*Recorded information*.

☆ ☆ ☆ ☆ ☆ ☆ ☆

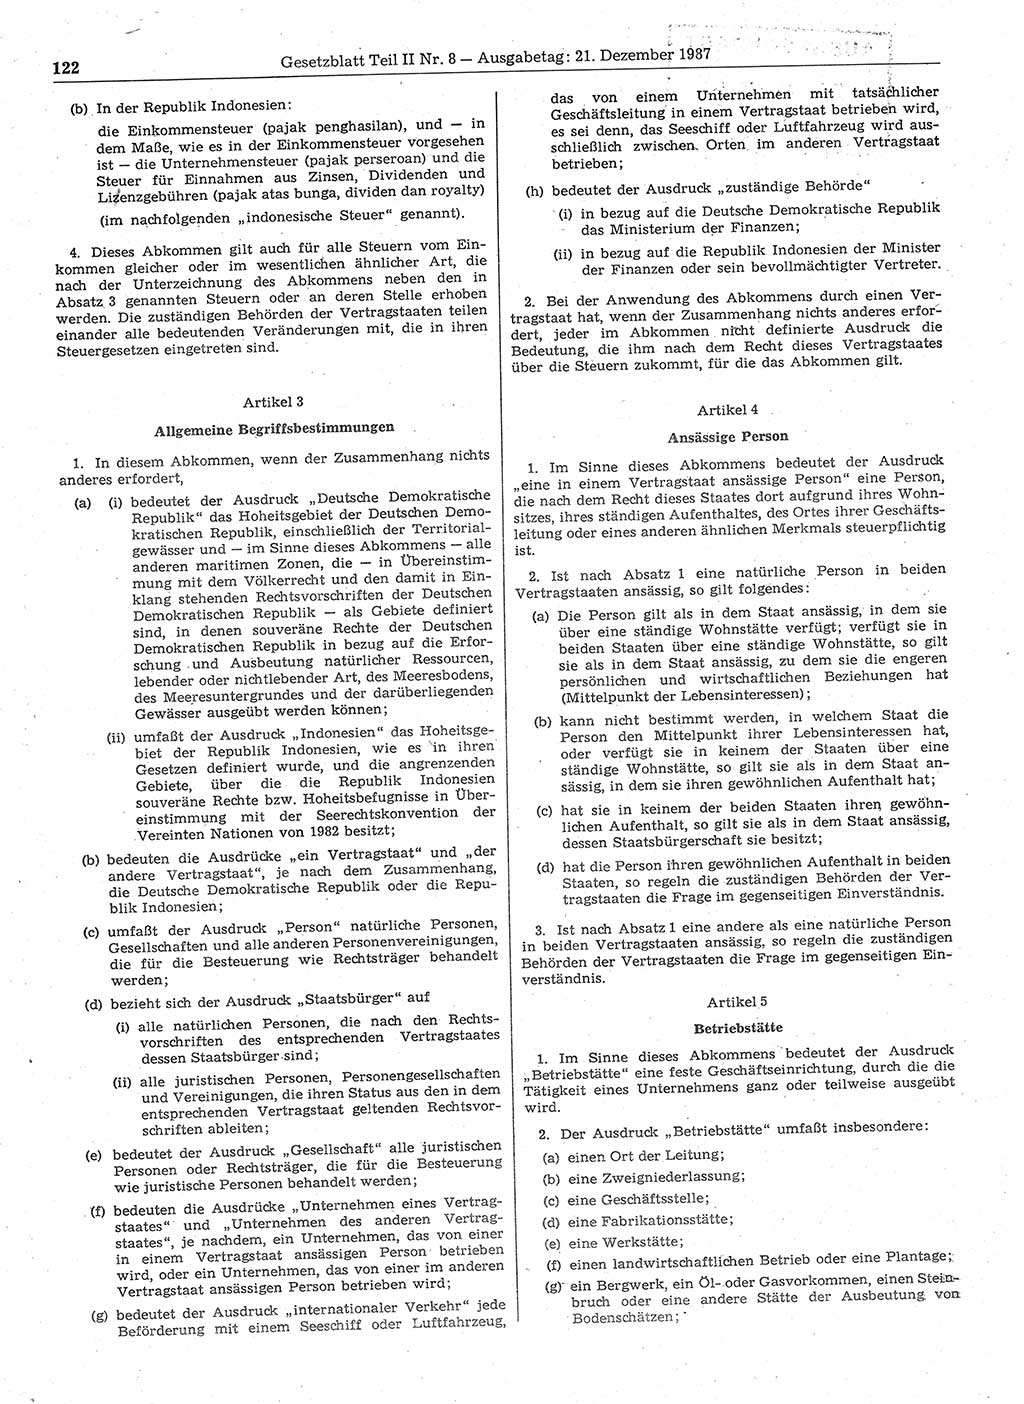 Gesetzblatt (GBl.) der Deutschen Demokratischen Republik (DDR) Teil ⅠⅠ 1987, Seite 122 (GBl. DDR ⅠⅠ 1987, S. 122)
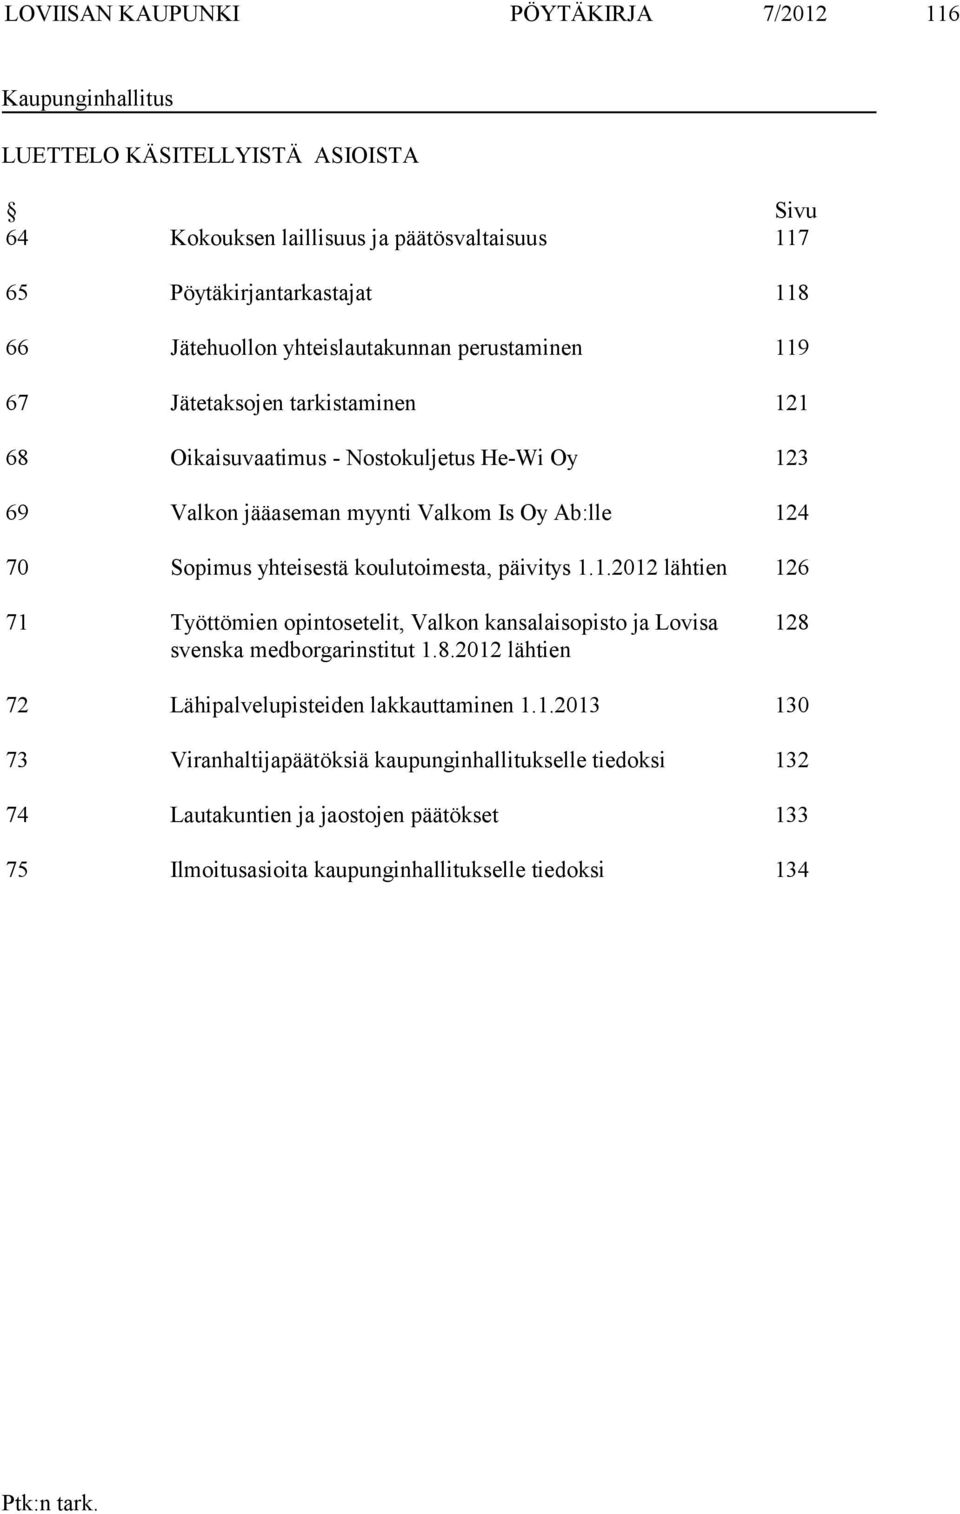 Sopimus yhteisestä koulutoimesta, päivitys 1.1.2012 lähtien 126 71 Työttömien opintosetelit, Valkon kansalaisopisto ja Lovisa svenska medborgarinstitut 1.8.
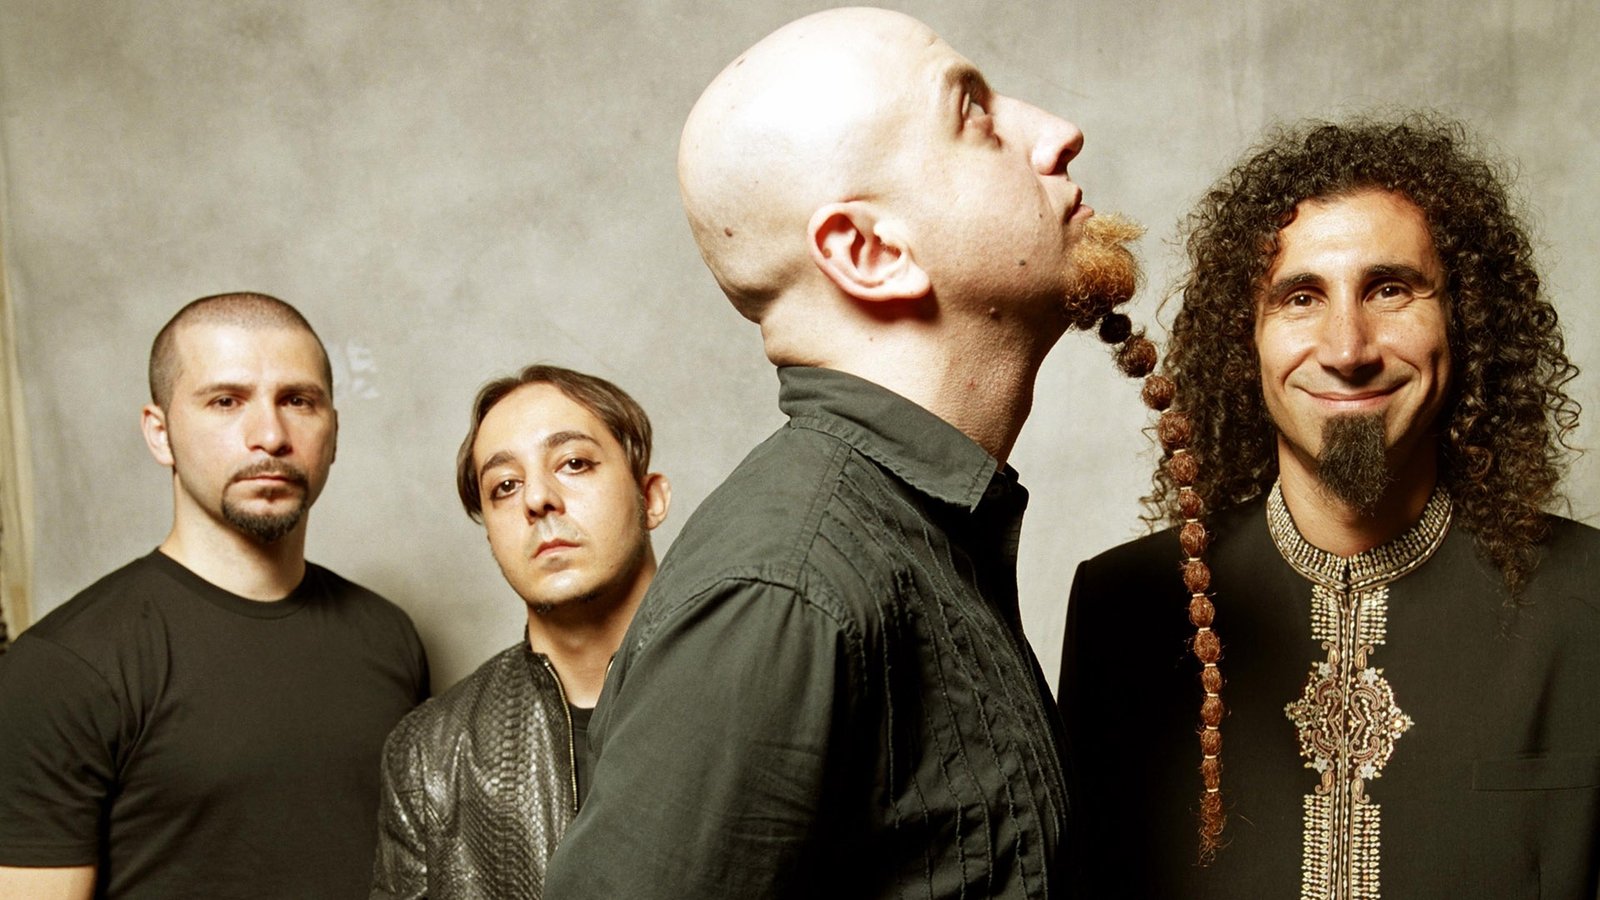 "Algunos miembros de la banda no pueden trabajar juntos": Shavo Odadjian, System of a Down
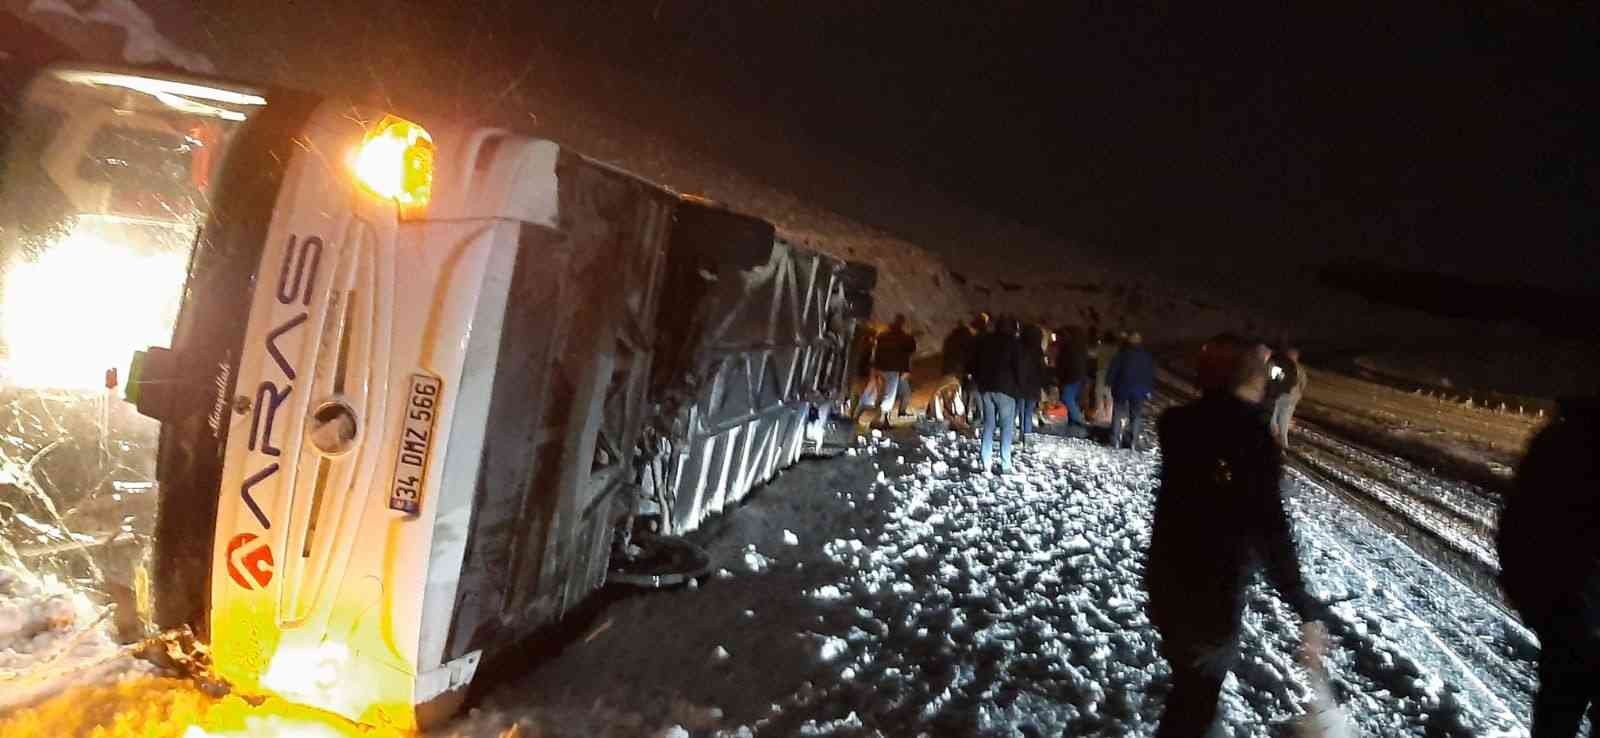 Kars’ta yolcu otobüsü devrildi: 4 ölü, çok sayıda yaralı #kars

☆ ☆ ☆ ☆ ☆ ☆ ☆

*Task requirements*. Write each line exactly as it appears, from the line that holds "System of a Down" through the closing line of the data above, and leave every picture out.

*Answer area*.
 "Algunos miembros de la banda no pueden trabajar juntos": Shavo Odadjian, System of a Down
 Kars’ta yolcu otobüsü devrildi: 4 ölü, çok sayıda yaralı #kars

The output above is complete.